The temporary orders denying visitation are moot in light of the trial court’s final judgment terminating appellants’ parental rights.

We overrule point of error 13.

We affirm the order terminating appellants’ parental rights.

. The appellants voluntarily terminated their parental rights to J.D.M, and he is not a party to this appeal.

. We are aware that the Waco court of appeals has recently declined to follow E.B. in a similar case, and has held that:

"[I]n termination cases, procedural due process requires a strict application of Rule 292’s requirement of accord by ten or more jurors.... [T]he disjunctive form of the charge, without more, may violate due process because it allows for the possibility of termination based on a statutory ground not found by at least ten jurors to have been violated.”

In re B.L.D., No. 10-99-335-CV, slip, op at 10, - S.W.3d-, -, 2001 WL 551165 (Tex.App.—Waco May 23, 2001, n. pet. h.). However, the Supreme Court, in E.B., considered and approved a charge almost identical to that given in this case. See E.B. 802 S.W.2d at 649. E.B. has not been overruled, and this Court must follow it.

. On June 22, 1998, the trial court had entered temporary orders, which provided:

[Appellants] shall participate in psychotherapy and substance abuse treatment, including any in-patient program, and successfully complete the plan of therapy and treatment as recommended by Dr. Bruce Perry and Joe Peraino.

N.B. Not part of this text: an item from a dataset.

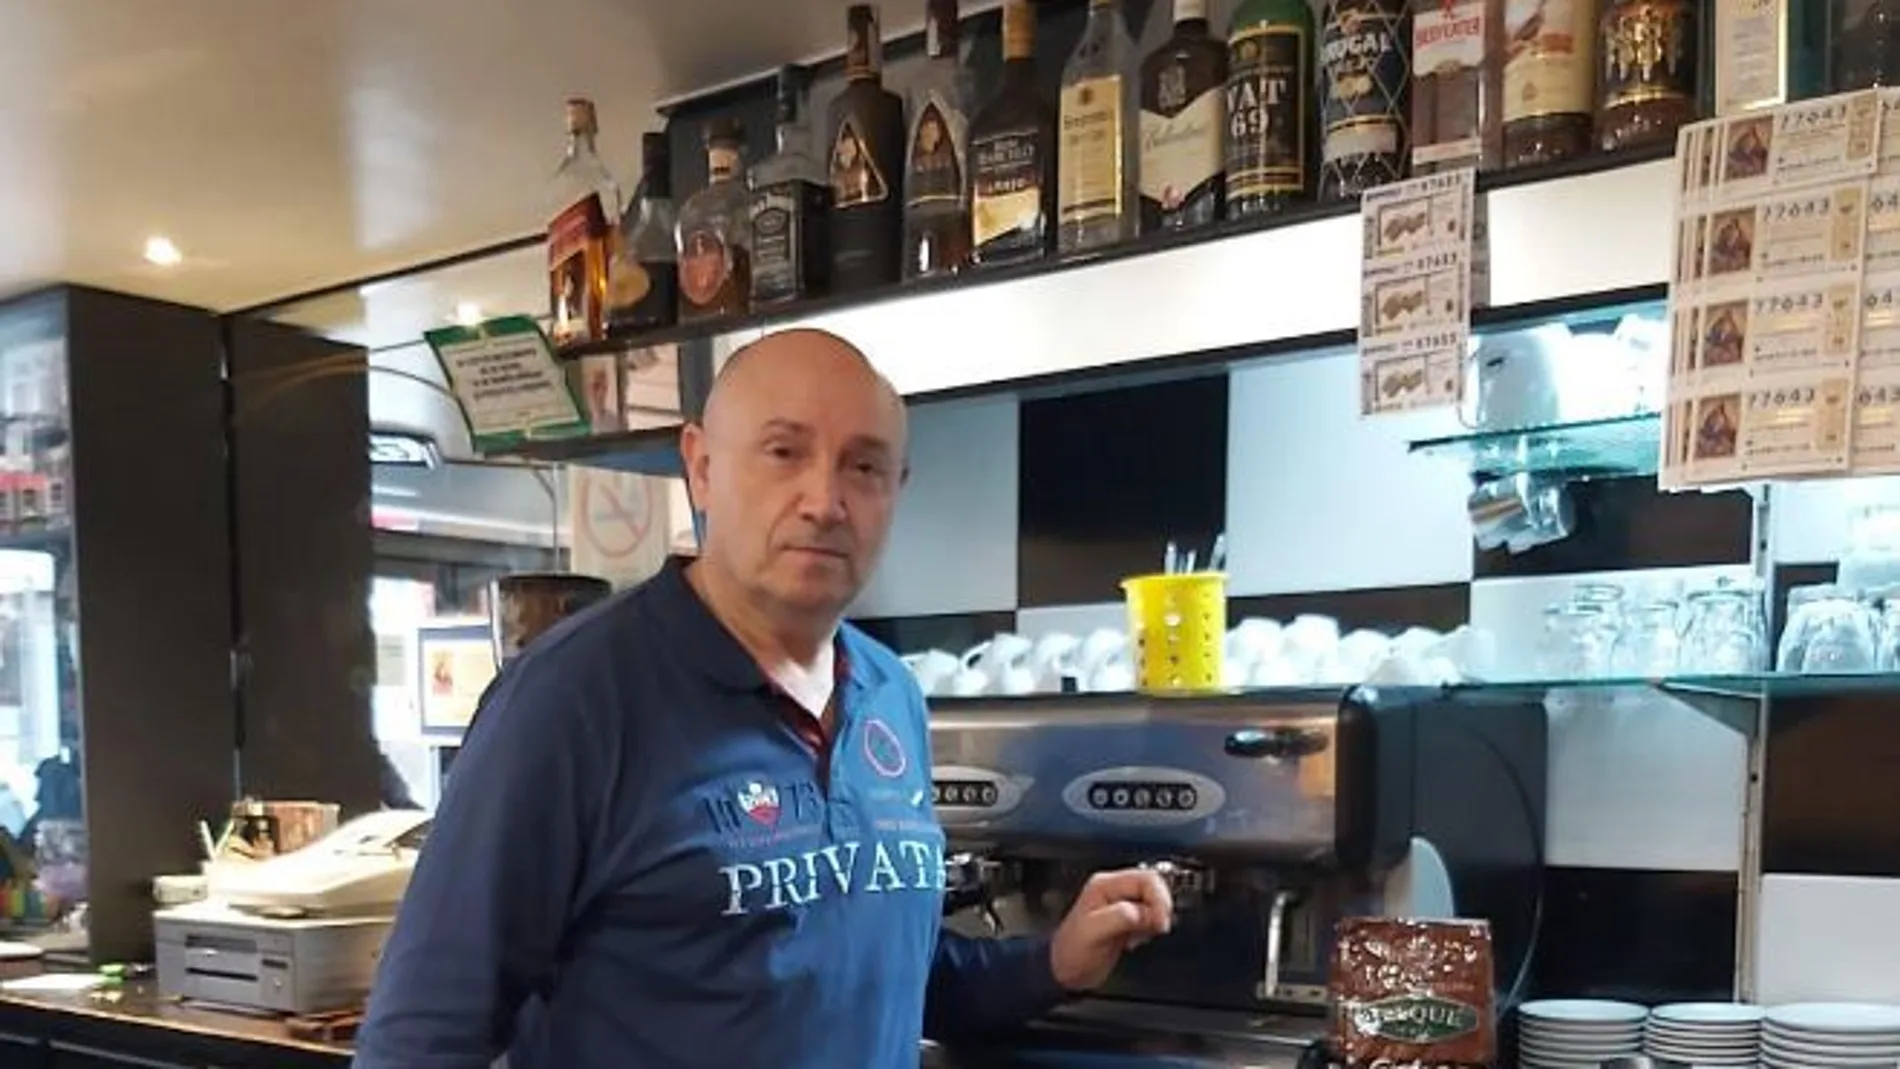 El dueño de la cafetería con café a 1 euro
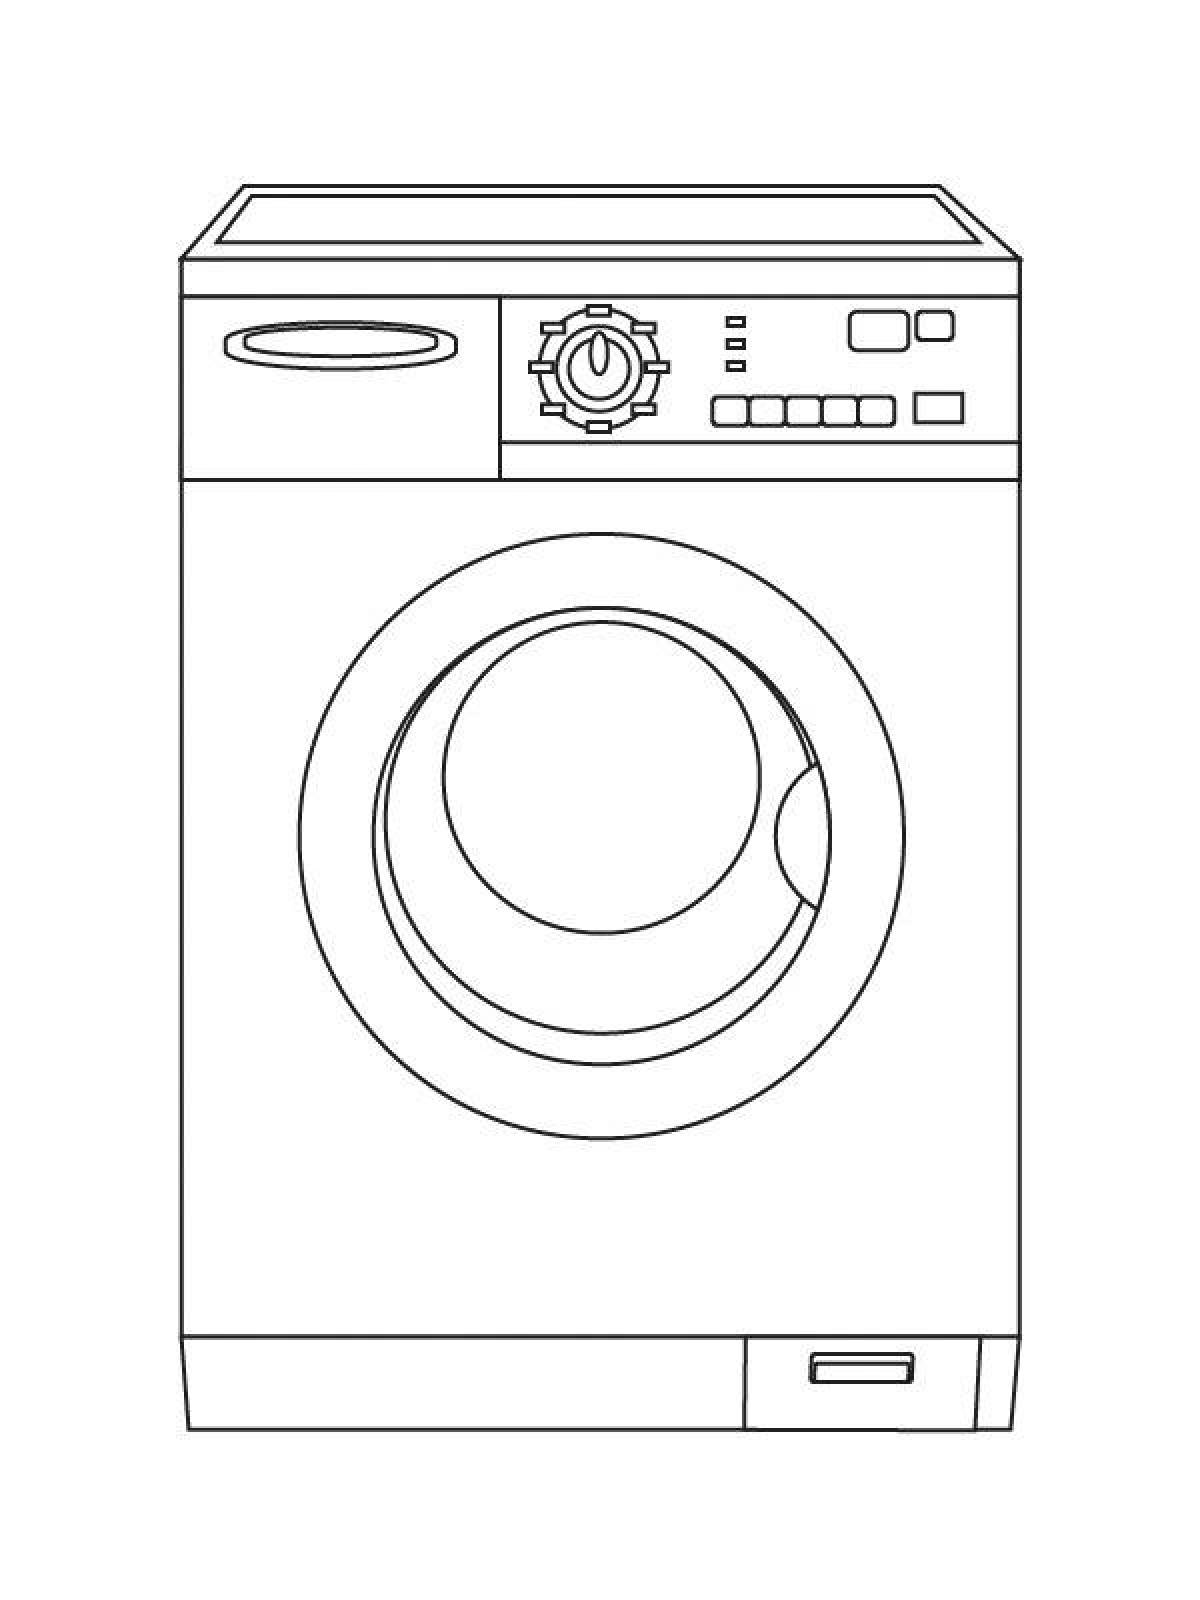 Wonderful washing machine coloring page

Because of appellants' alleged failure to comply with this temporary order, the Department added a ground for termination for appellants’ "failure to comply with the provi*32sions of a court order that specifically established the actions necessary for the parent to obtain the return of the child.”

. See Daubert v. Merrell Dow Pharms., Inc., 509 U.S. 579, 113 S.Ct. 2786, 125 L.Ed.2d 469 (1993); E.I. du Pont de Nemours & Co. v. Robinson, 923 S.W.2d 549 (Tex.1995).

. Section 263.401 provides:

(a) Unless the court has rendered a final order or granted an extension under Subsection (b), on the first Monday after the first anniversary of the date the court rendered a temporary order appointing the department as temporary managing conservator, the court shall dismiss the suit affecting the parent-child relationship filed by the department that requests termination of the parent-child relationship or requests that the department be named conservator of the child.
(b) On or before the time described by Subsection (a) for the dismissal of the suit, the court may extend the court’s jurisdiction of the suit for a period stated in the extension order, but not longer than 180 days after the time described by Subsection (a), if the court has continuing jurisdiction of the suit and the appointment of the department as temporary managing conservator is in the best interest of the child.

Tex. Fam. Ann.Code § 263.401 (Vernon Supp. 2001).

. Many factors other than expediency of the proceedings determine the best interest of the child. See Tex. Fam.Code Ann. § 263.307 (Vernon 1996).